Jim finally got it right and mailed me an attachment, at about the same time
that I figured out that to use non-webmail at wcc the regular login is
jdeigert@stu.wccnet.org and the email login is plain jdeigert.  I have smtp
mail working now with 2 DOS mail programs, but WCC does not like the email
password (which worked for regular login and for webmail).  No big deal, he
can use webmail to read his mail but it is a pain to write mail with it.

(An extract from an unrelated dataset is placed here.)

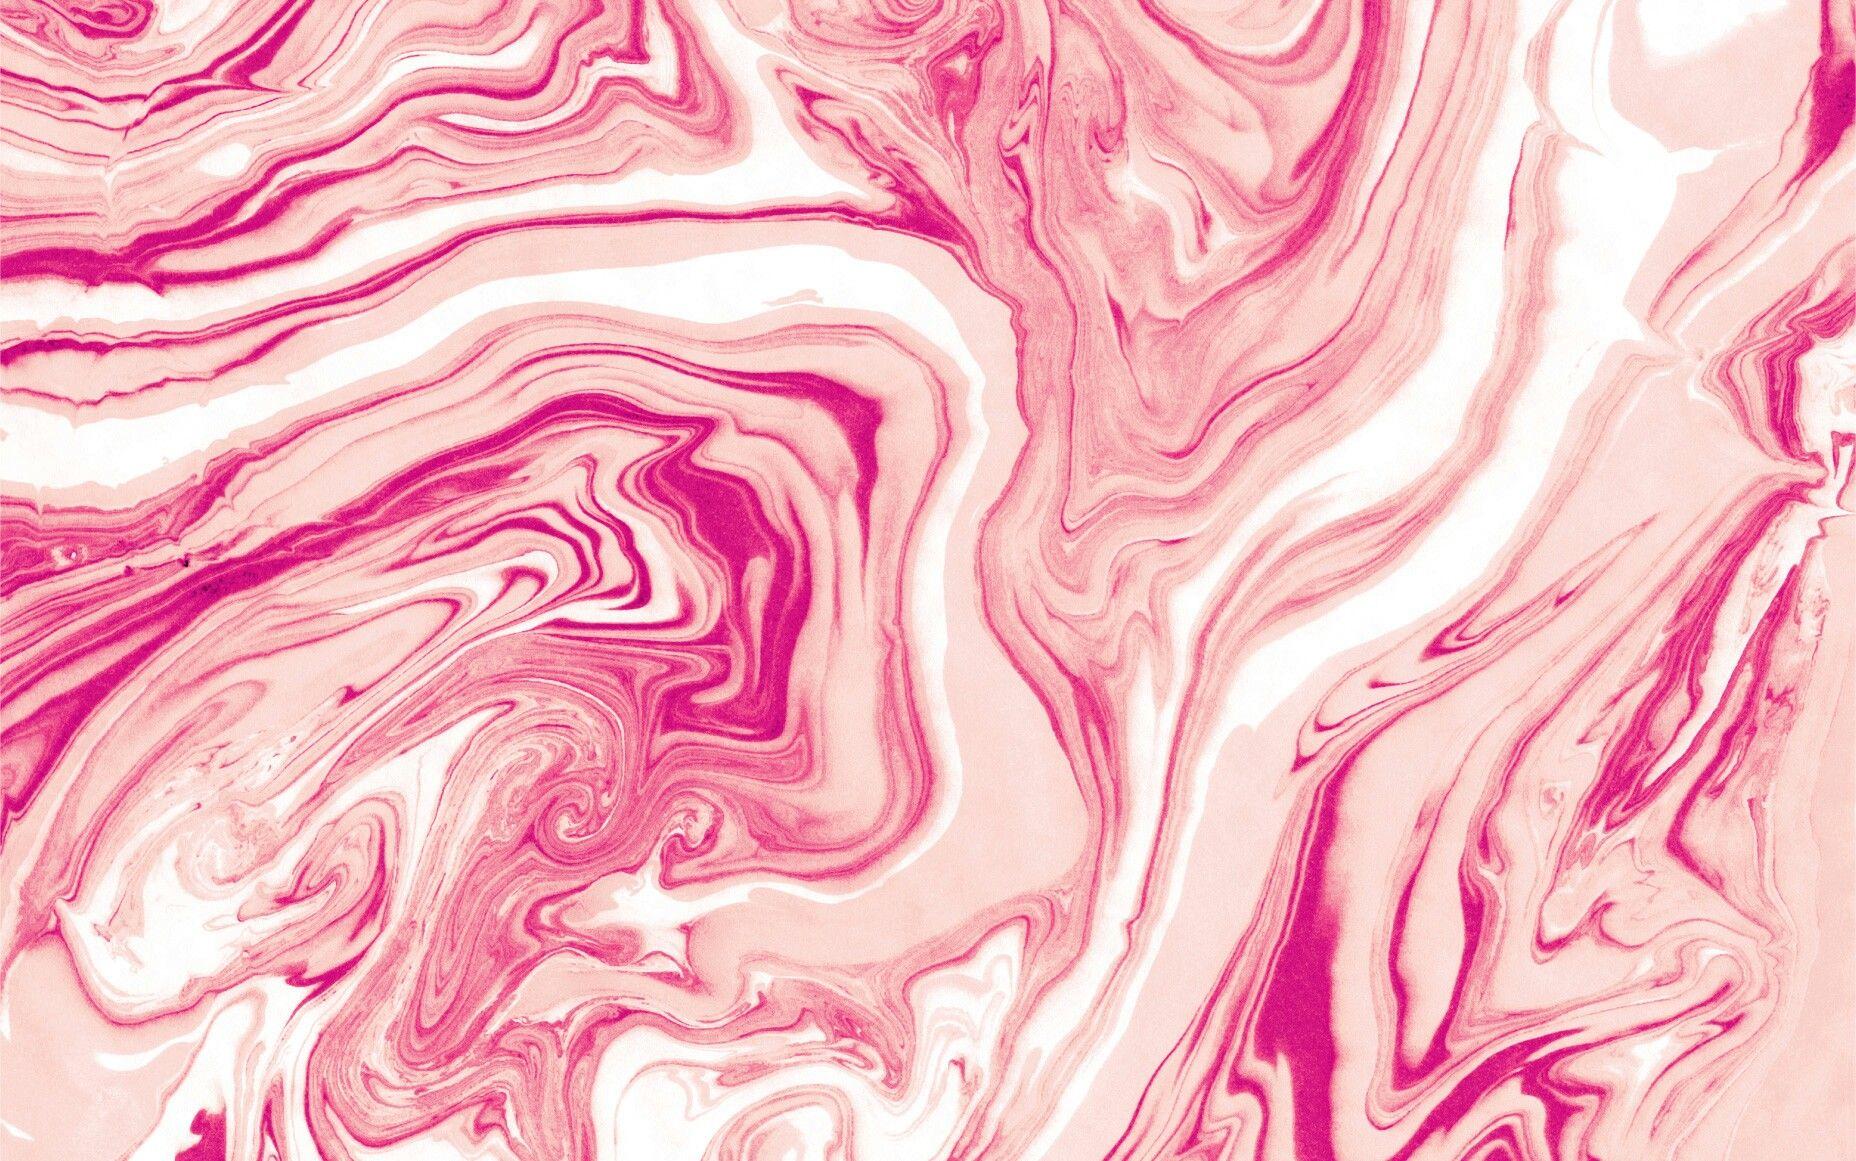 Pink Marble Cute Desktop Wallpaper Laptop Wallpaper Pink Marble Wallpaper

#306 of 384 by tod on Tue Mar 2 18:39:57 2004:

This response has been erased.



#307 of 384 by keesan on Tue Mar 2 19:16:35 2004:

I have changed my filter to send a few things directly to /dev/null
(last line of the filter) instead of ....../bulk  - viagra, via-gra, viakgra,
xanax, cialis, vicodin.  Anything addressed to webmaster and me goes to
/dev/null.  Have fun with your spam net.


#308 of 384 by krokus on Tue Mar 2 21:34:43 2004:

system is slow, and loads are high.

  4:29pm  up 27 days, 18:18,  50 users,  load average: 28.93, 29.96, 27.39


#309 of 384 by jhudson on Wed Mar 3 20:33:08 2004:

That's normal!


#310 of 384 by jhudson on Wed Mar 3 20:53:11 2004:

/tmp has a lot of files called "newuser.xxxxx"
there is a lot of junk in /var/tmp

There seems to be no script to successfully clean up
everything.


#311 of 384 by gelinas on Wed Mar 3 21:42:28 2004:

There is a script, and it does a pretty good job.  But thanks for pointing
out that it may overlook a few things.



#312 of 384 by tsty on Thu Mar 4 19:00:25 2004:

  
newuser  ttyp6    22Feb04  9days      7      2  /usr/local/bin/bash
newuser  ttyp0    10Feb04 20days  11:39  10:17  pine
  
long emails?


#313 of 384 by jhudson on Fri Mar 5 17:41:12 2004:

???
How did somebody get the name "newuser" ?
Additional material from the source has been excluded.